Aurelius Belz (Mainz 1959), Ausbildung als Cembalo- und Klavierbauer, Meisterprüfung 1989, Studium der Kunstwissenschaft, Volkskunde und Bauforschung an der Otto-Friedrich-Universität Bamberg, Dissertation 1998, "Das Instrument der Dame. Bemalte Kielklaviere aus drei Jahrhunderten". Praktika an der Russell Collection for Early Keyboard Instruments in Edinburgh sowie am Musée Instrumental du Conservatoire national supérieur de musique et de danse de Paris. Executive-Studium der Betriebswirtschaftslehre in Zürich. Leitung der Pianowerkstätten Jecklin und Musik-Hug in Bülach. Seit Januar 2017 aktives Mitglied der Internationalen Sozietät zur musikalisch-theologischen Bachforschung / Hochschule für Musik, Würzburg. 

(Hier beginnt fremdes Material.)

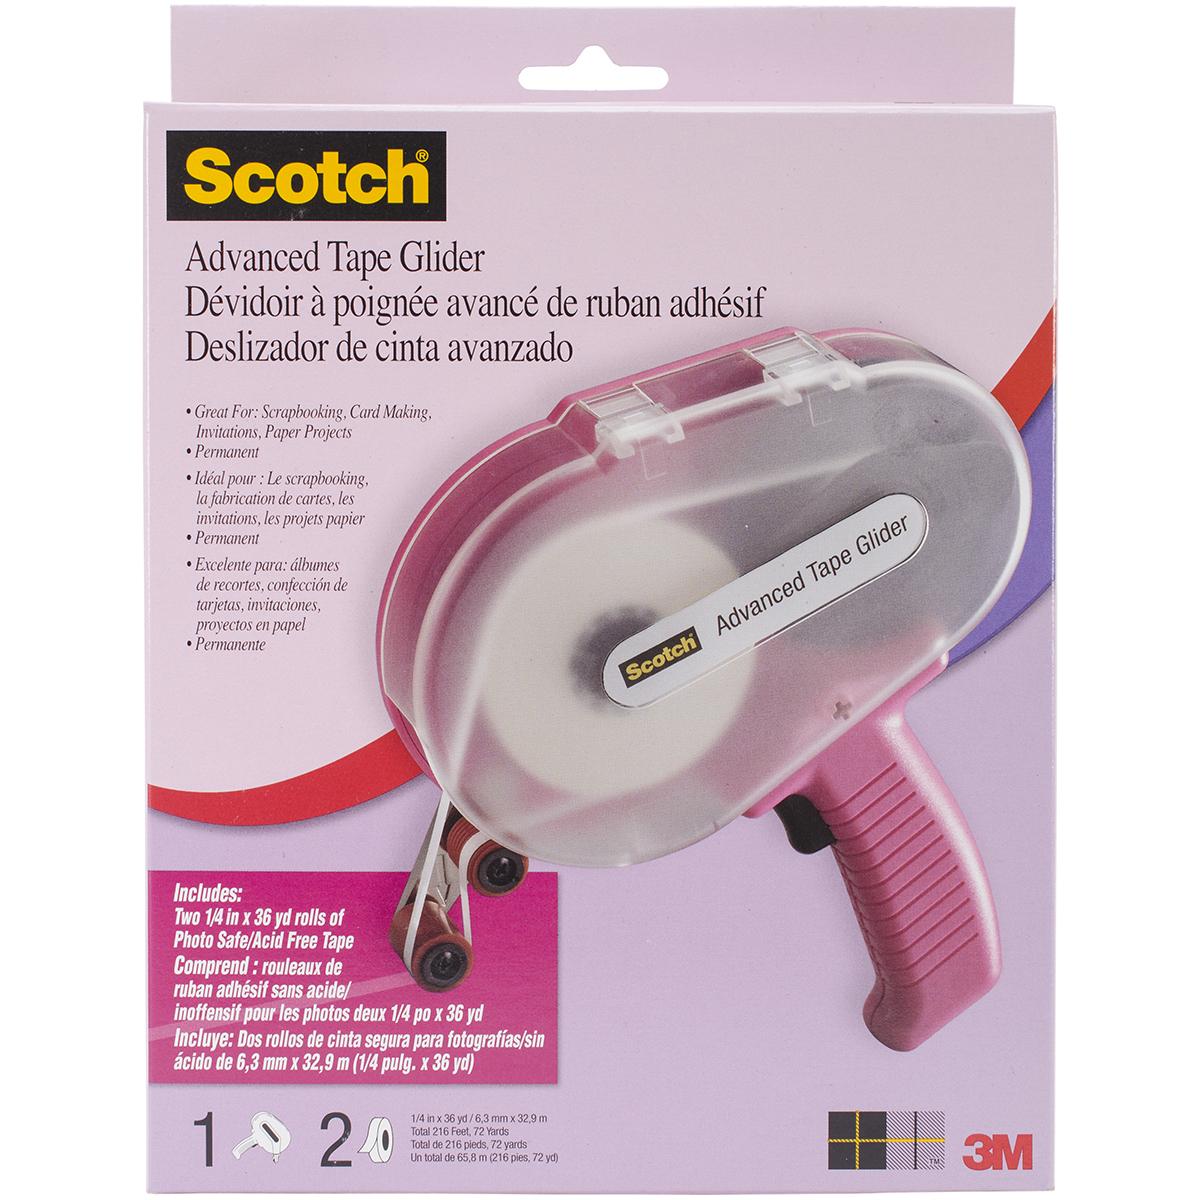 Scotch Advanced Tape Glider & Tape-Pink - .25X36yd Each
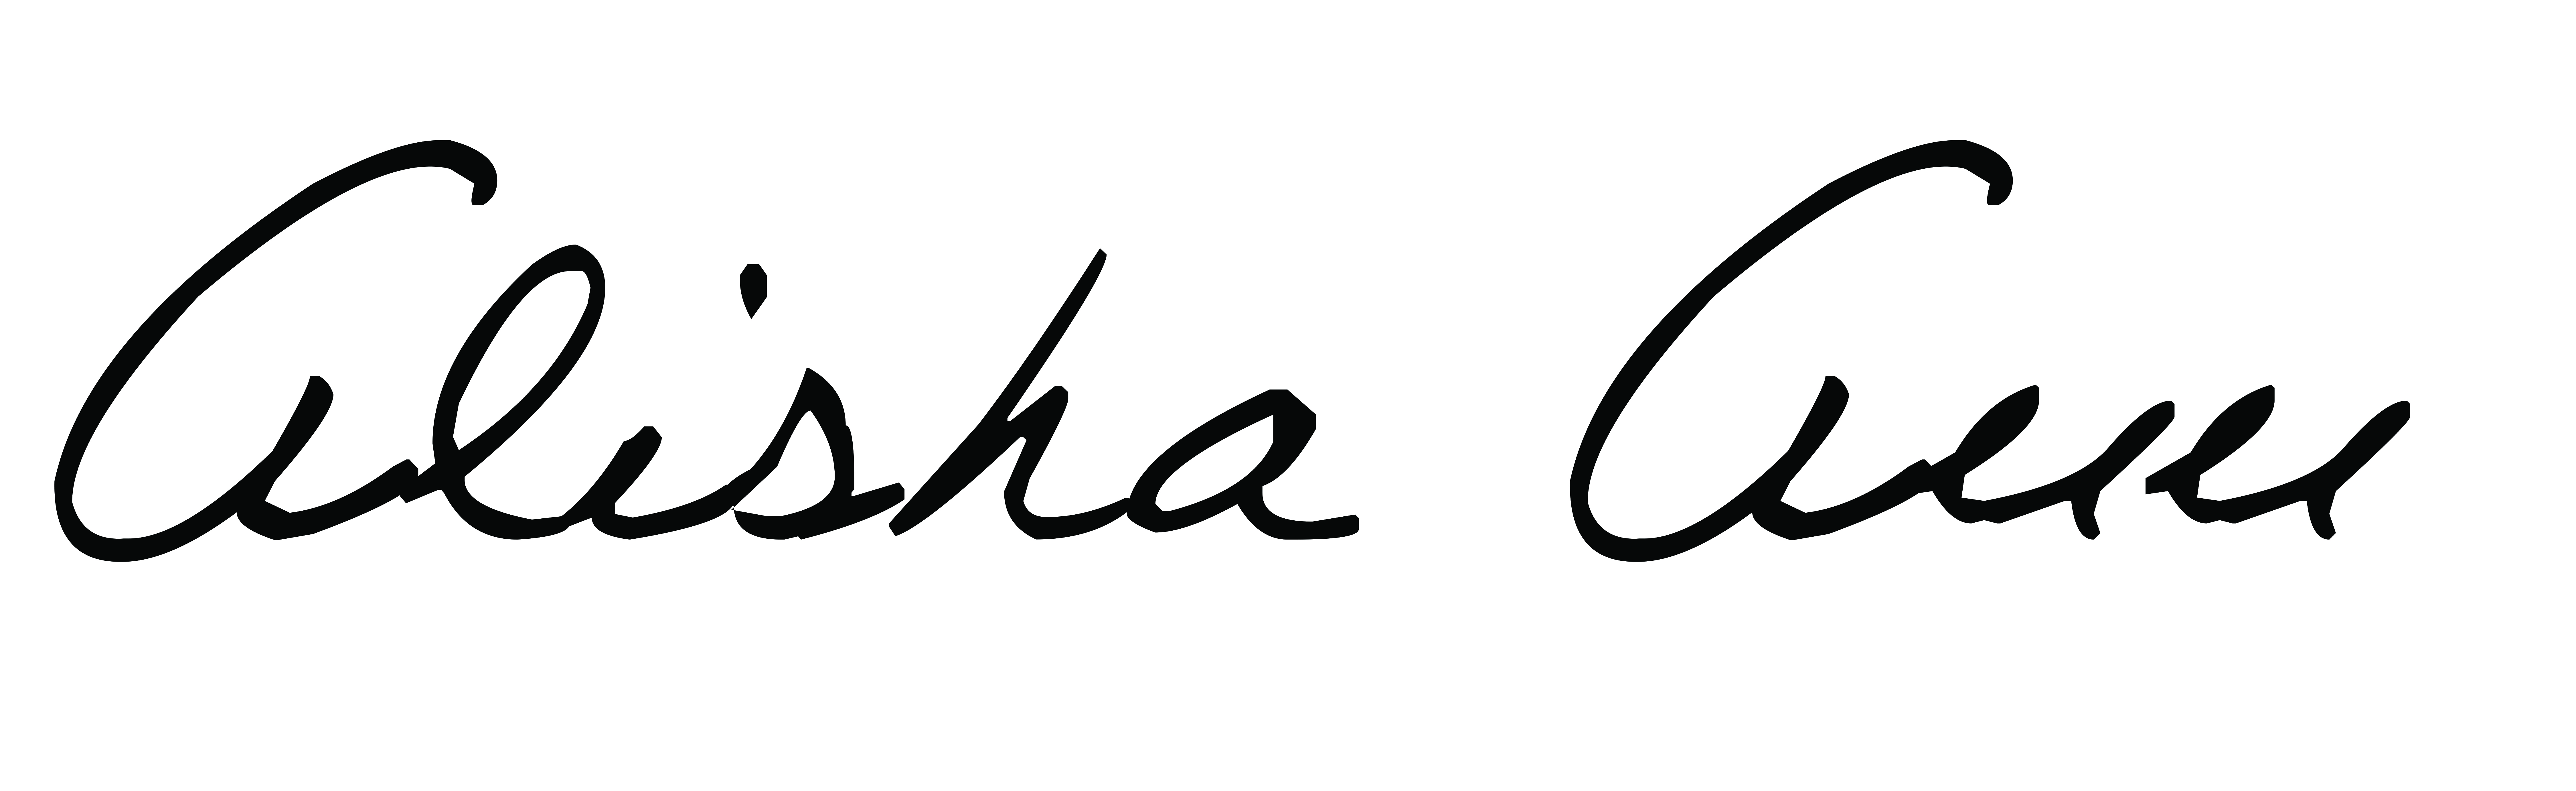 Alisha Boguslowski's Signature

In der Wissenschaft wie im Handwerk entscheidet allein der Bearbeitungsgegenstand, welche Werkzeuge zu fachgerechtem Einsatz gelangen

Nach diesem Grundsatz gehe ich an die Erforschung historischer Tasteninstrumente heran und lasse mich allein von deren Informationsgehalt leiten. Die Konstruktion als solche erfordert das Instrumentarium des Instrumentenmachers, die Mensur und die akustische Anlage das der Physik. Das Wappen eines Eigentümers verlangt Einblick in die Geschichte und Heraldik und die Bemalung sowie sämtliche Dekorelemente eine kunsthistorische Betrachtung. Unnötig zu sagen, welchen Wissenshintergrund zu alldem noch eine Trinitätsdarstellung abverlangt.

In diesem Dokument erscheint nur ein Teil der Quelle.